• Problem: Each line in the data must be reproduced as written, except for any picture.

• Source material:

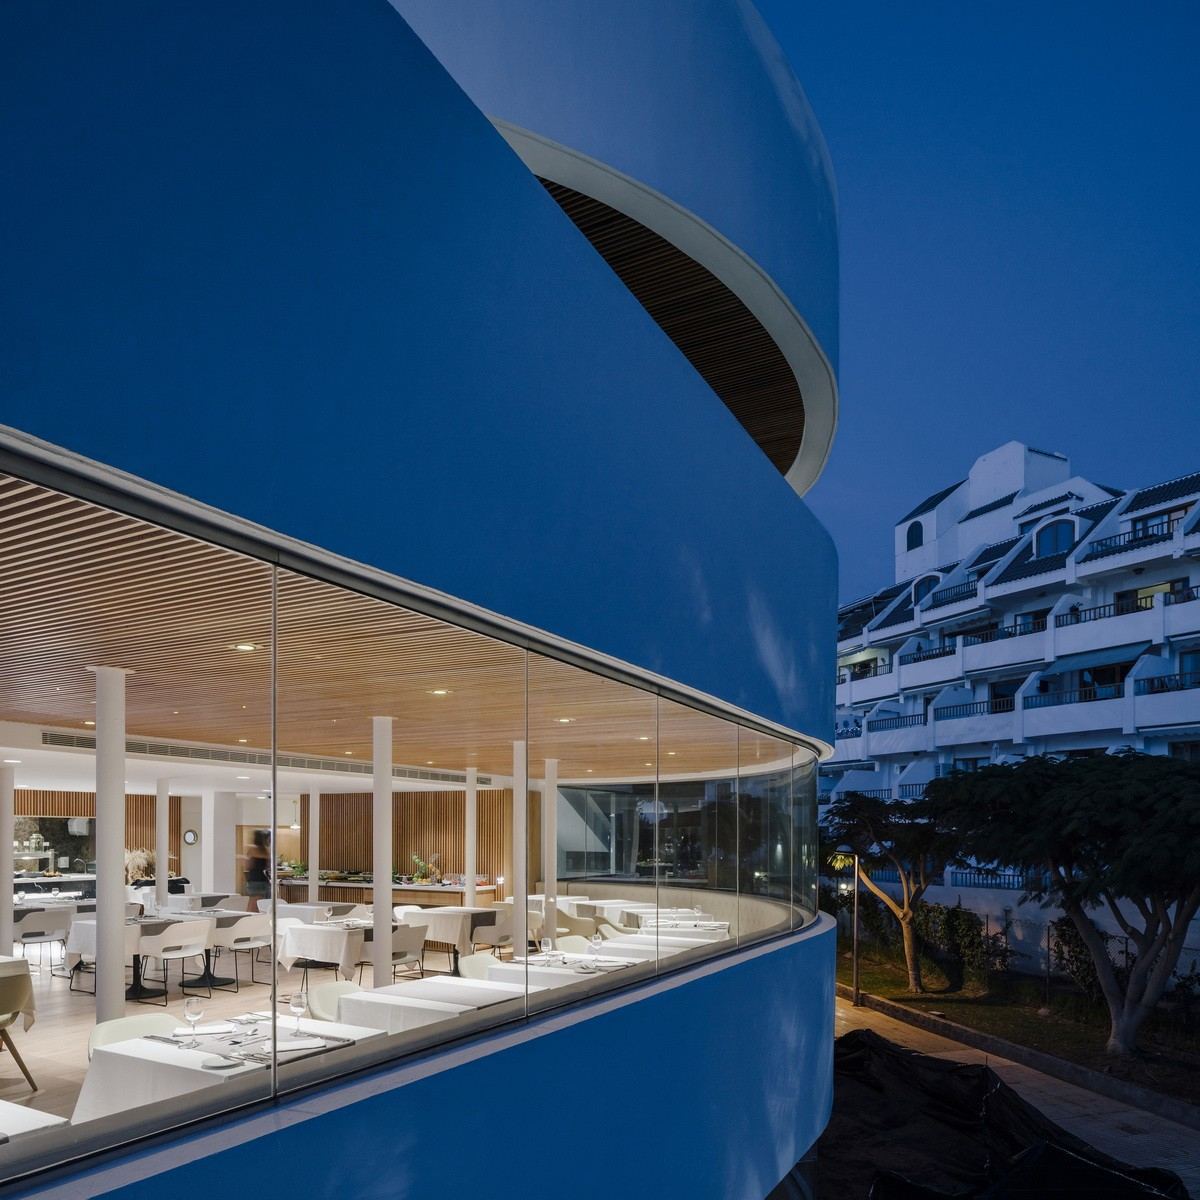 弗拉明戈俱乐部酒店建筑设计/Zooco Estudio
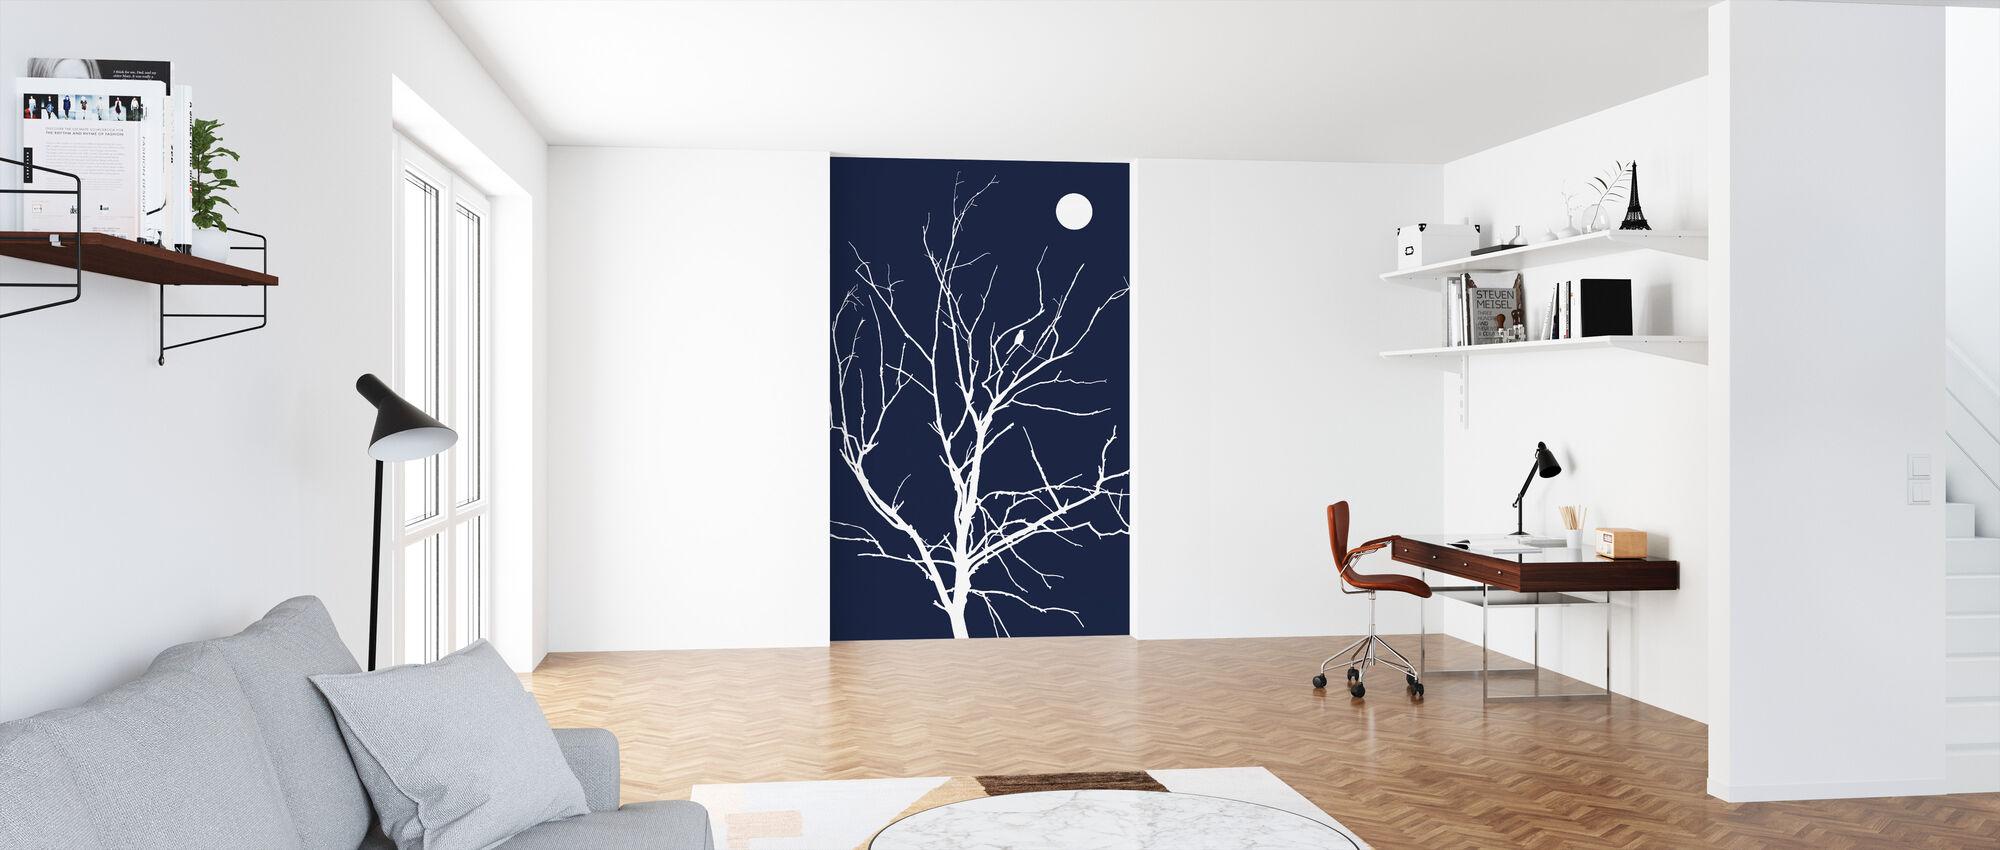 Ensom fugl natt månen - Tapet - Kontor
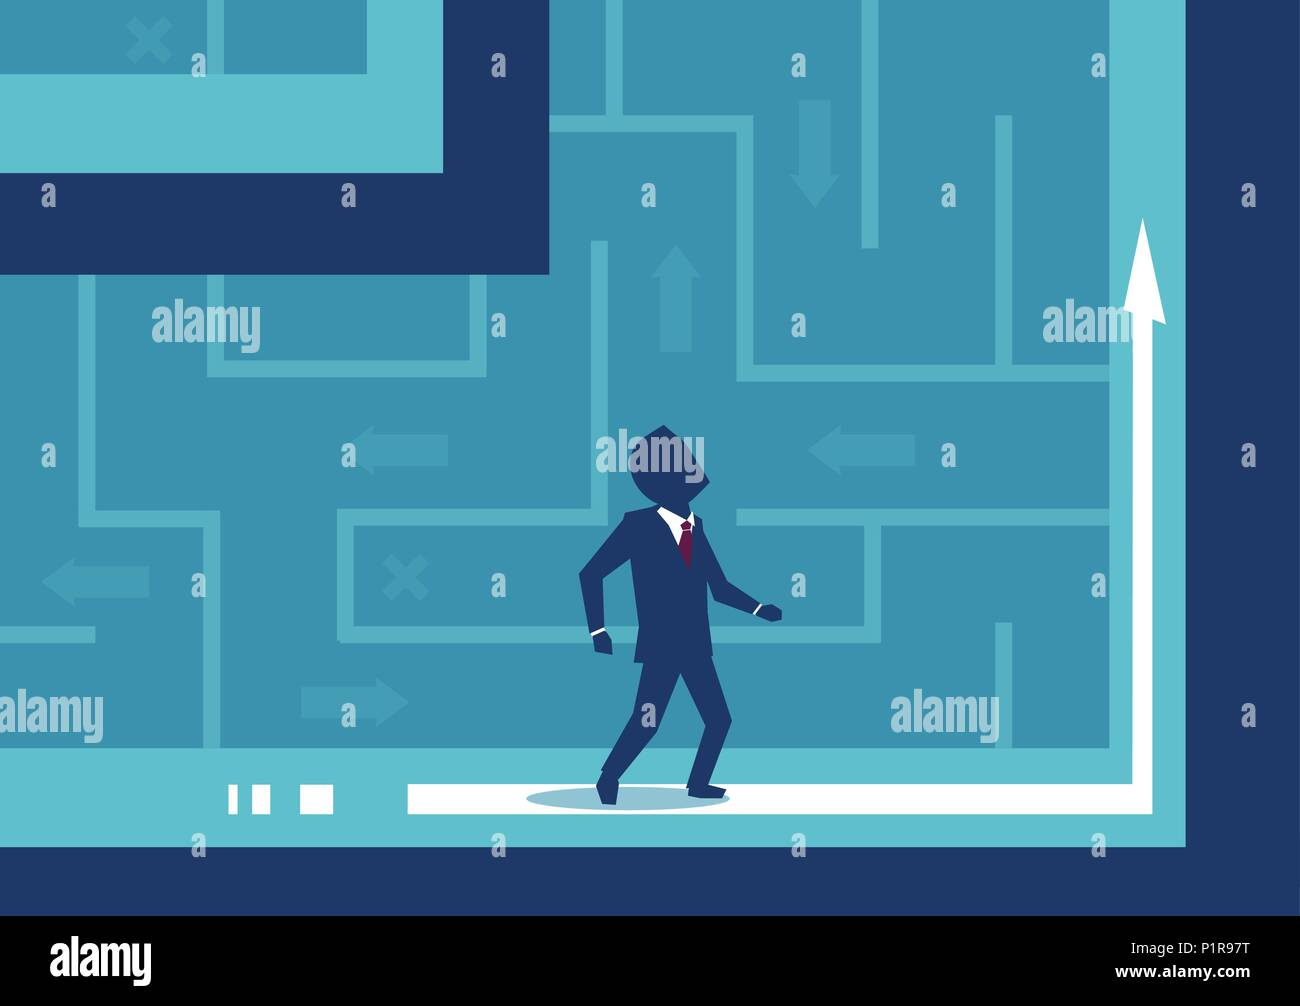 Immagine vettoriale di imprenditore confuso con direzione essendo perso nel labirinto. Immagini Stock

• Exercise response:
 弗拉明戈俱乐部酒店建筑设计/Zooco Estudio
 Ensom fugl natt månen - Tapet - Kontor
 Immagine vettoriale di imprenditore confuso con direzione essendo perso nel labirinto. Immagini Stock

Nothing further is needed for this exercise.